Ça a été difficile. J’ai dû faire l’impasse sur des choses que j’aimais. C’est beaucoup de sacrifices, d’être loin de sa famille, des gens que j’aime. Ce n’est pas évident. Mais j’ai la chance d’être tombé sur un collectif rempli "d’humains", avec un cœur incroyable. Et ils m’ont accueilli comme des frères, ou des pères pour les plus anciens. Je suis vraiment épanoui au Castres Olympique.

"Le matin, je me lève et je pense à cette Coupe du monde"

Vous vous voyez plus comme un 2e ligne ou un numéro huit, poste où vous avez aussi évolué chez les jeunes ?

Un 2e ligne. Quand j’étais jeune, j’étais polyvalent. J’aimais bien le poste de numéro huit, mais aujourd’hui, je me focalise sur le poste de 2e ligne. C’est là où j’ai le plus de repères.

A votre âge, une Coupe du monde en France, ça ne se loupe pas ?

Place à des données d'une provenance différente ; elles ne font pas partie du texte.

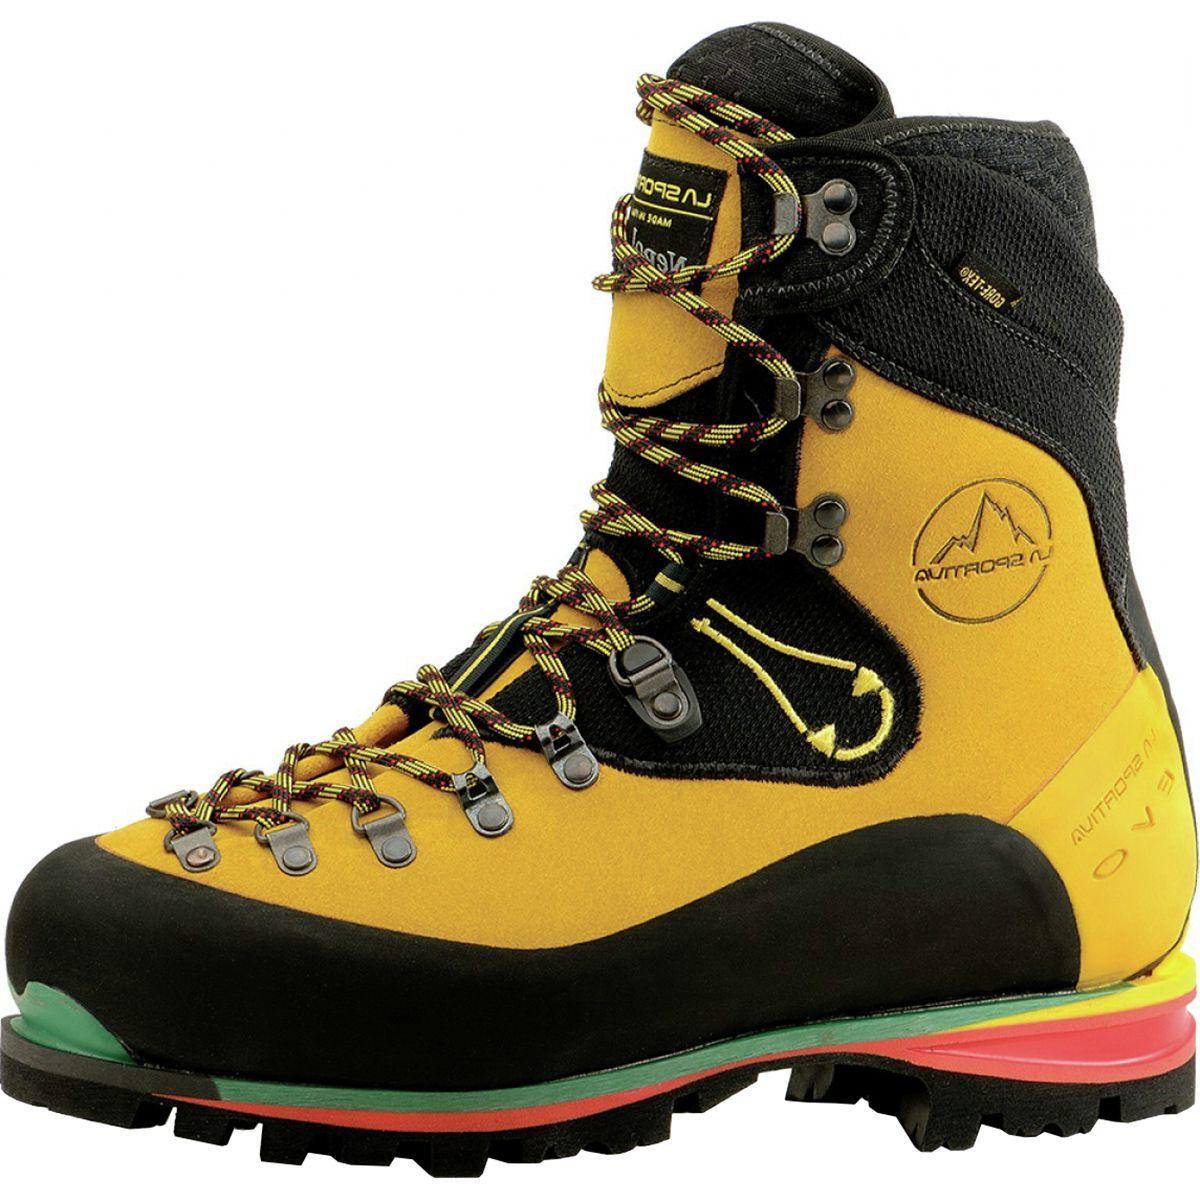 La Sportiva Nepal EVO GTX Mountaineering Boot - Men's

Non. Franchement, non. Surtout quand mon nom est dit par le sélectionneur, ça donne vraiment envie de travailler tous les jours. Le matin, je me lève et je pense à cette Coupe du monde. Je sais que j’en suis loin, je suis conscient de ça. Mais je suis conscient de mon potentiel aussi et je veux arriver en 2023 en me disant que j’aurai tout fait, que j’aurai beaucoup travaillé. Et que si je ne fais pas partie de cette liste qui fera la Coupe du monde, c’est comme ça. On verra pour celle de 2027. Mais je ne veux pas avoir de regrets.

Une Coupe du monde en France, c’est unique dans une carrière…

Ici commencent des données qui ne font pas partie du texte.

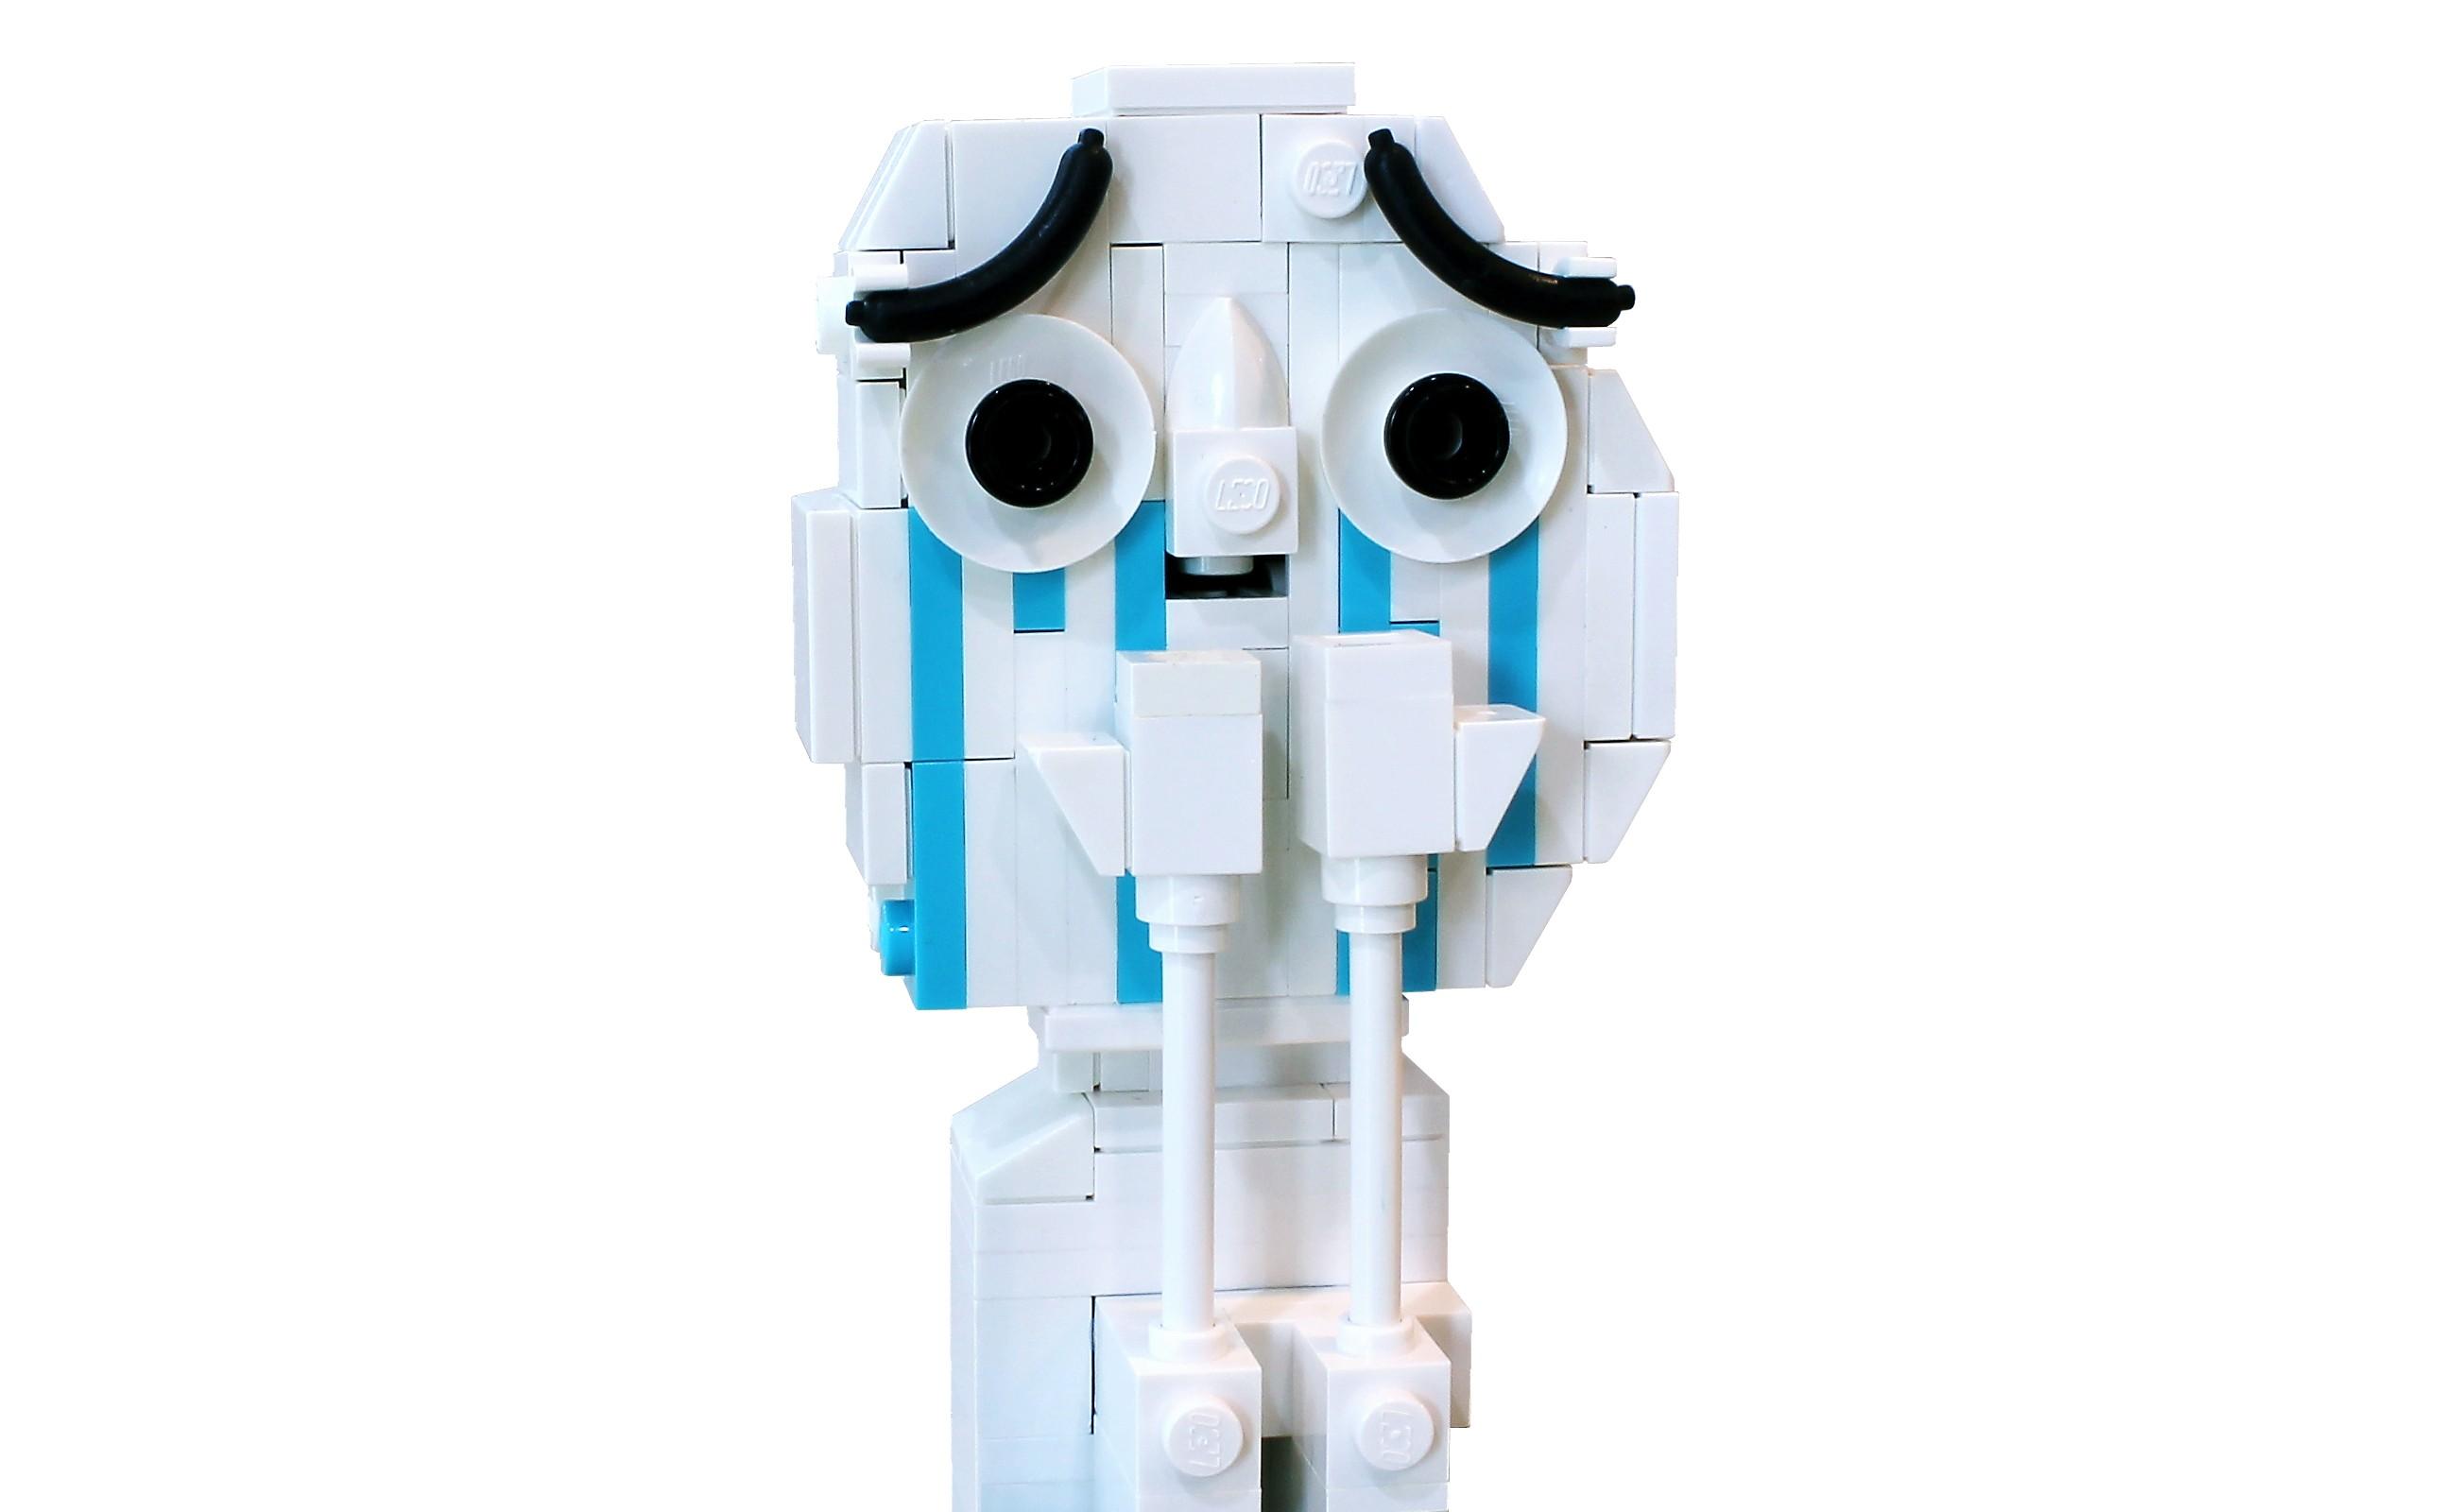 cute face tears comic LEGO crying rage meme cuteness overload moc afol 980921 wallpaper cute, face, tears, comic, lego, crying, rage, meme

Une Coupe du monde en général, c’est quelque chose qu’il faut vivre. Maintenant, en France, c’est encore plus beau. C’est le rêve quoi… Puis le match d’ouverture face à la Nouvelle-Zélande, c’est un petit rêve d’enfant. Quand j’étais petit, je me rappelle regarder les matchs de l’équipe de France à la télé. Les France-Nouvelle-Zélande, ça m’a toujours fait rêver. Me voir en face du haka, c’est ce qui m’anime dans les moments un peu plus difficiles. Parce que forcément, il y a des jours où c’est un peu plus difficile que d’autres.